__Directions__
Scan the records below for the line with "CREPUSCULAR Rays piercing" and the line with "En este momento", and retype that range exactly, both ends included, pictures excepted.

__Records for this exercise__
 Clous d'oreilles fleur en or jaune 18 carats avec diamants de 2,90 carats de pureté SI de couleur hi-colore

---

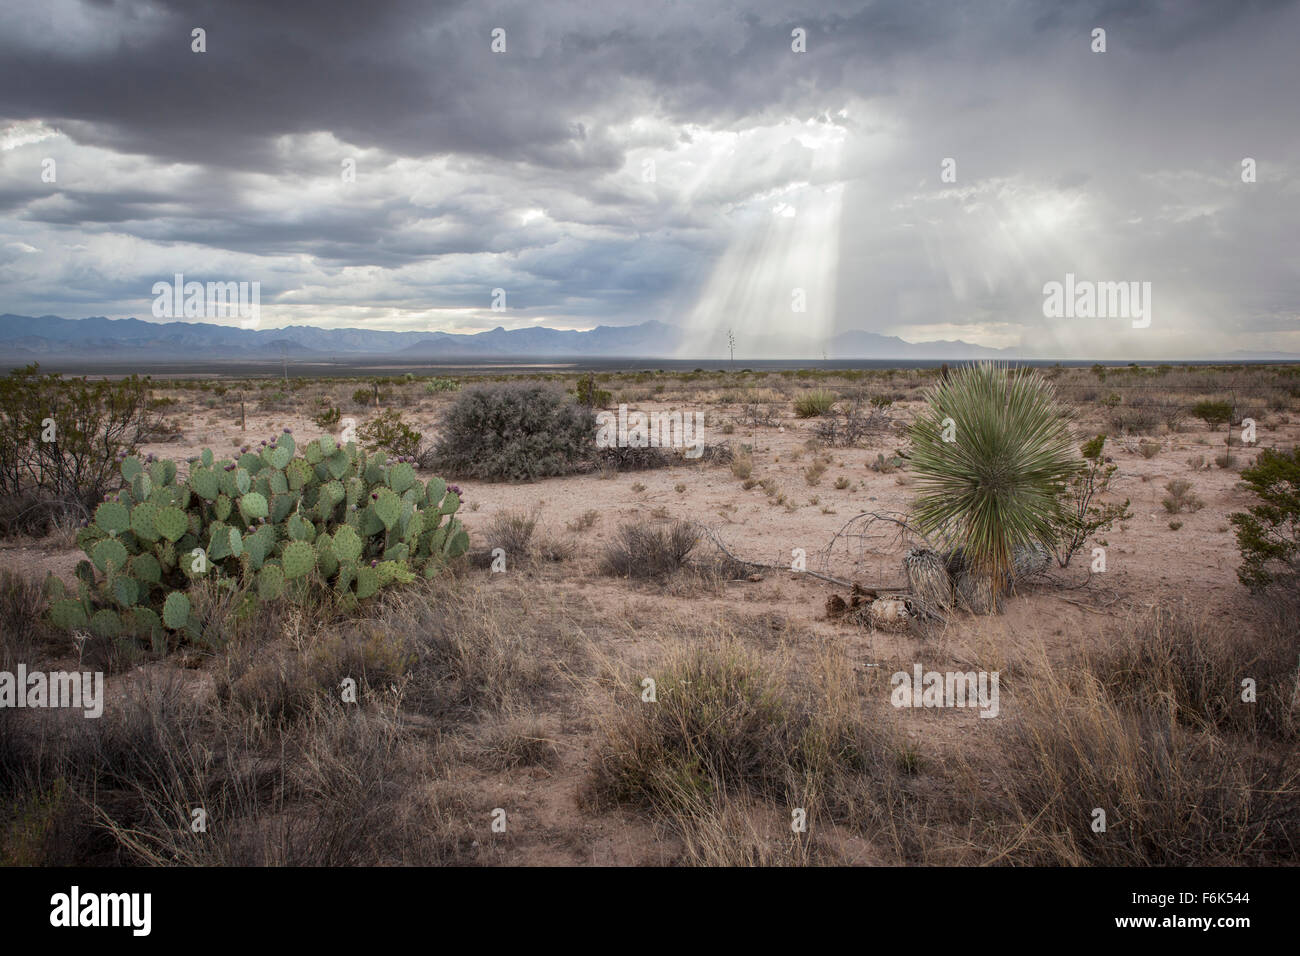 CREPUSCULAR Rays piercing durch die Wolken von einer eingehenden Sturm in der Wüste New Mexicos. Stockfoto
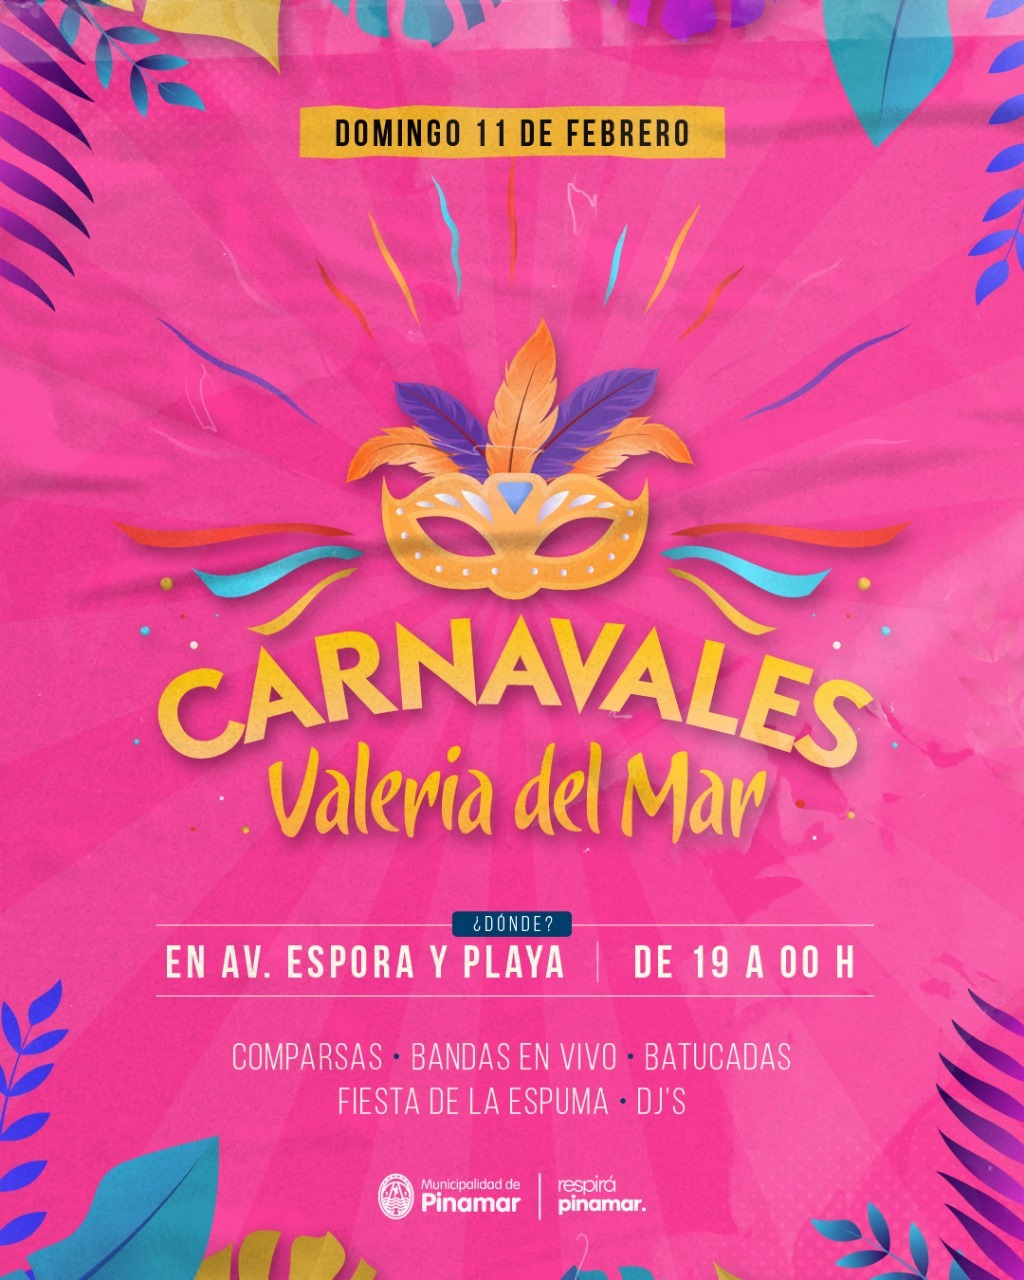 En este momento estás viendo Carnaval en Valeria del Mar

__Output of the exercise__
 CREPUSCULAR Rays piercing durch die Wolken von einer eingehenden Sturm in der Wüste New Mexicos. Stockfoto
 En este momento estás viendo Carnaval en Valeria del Mar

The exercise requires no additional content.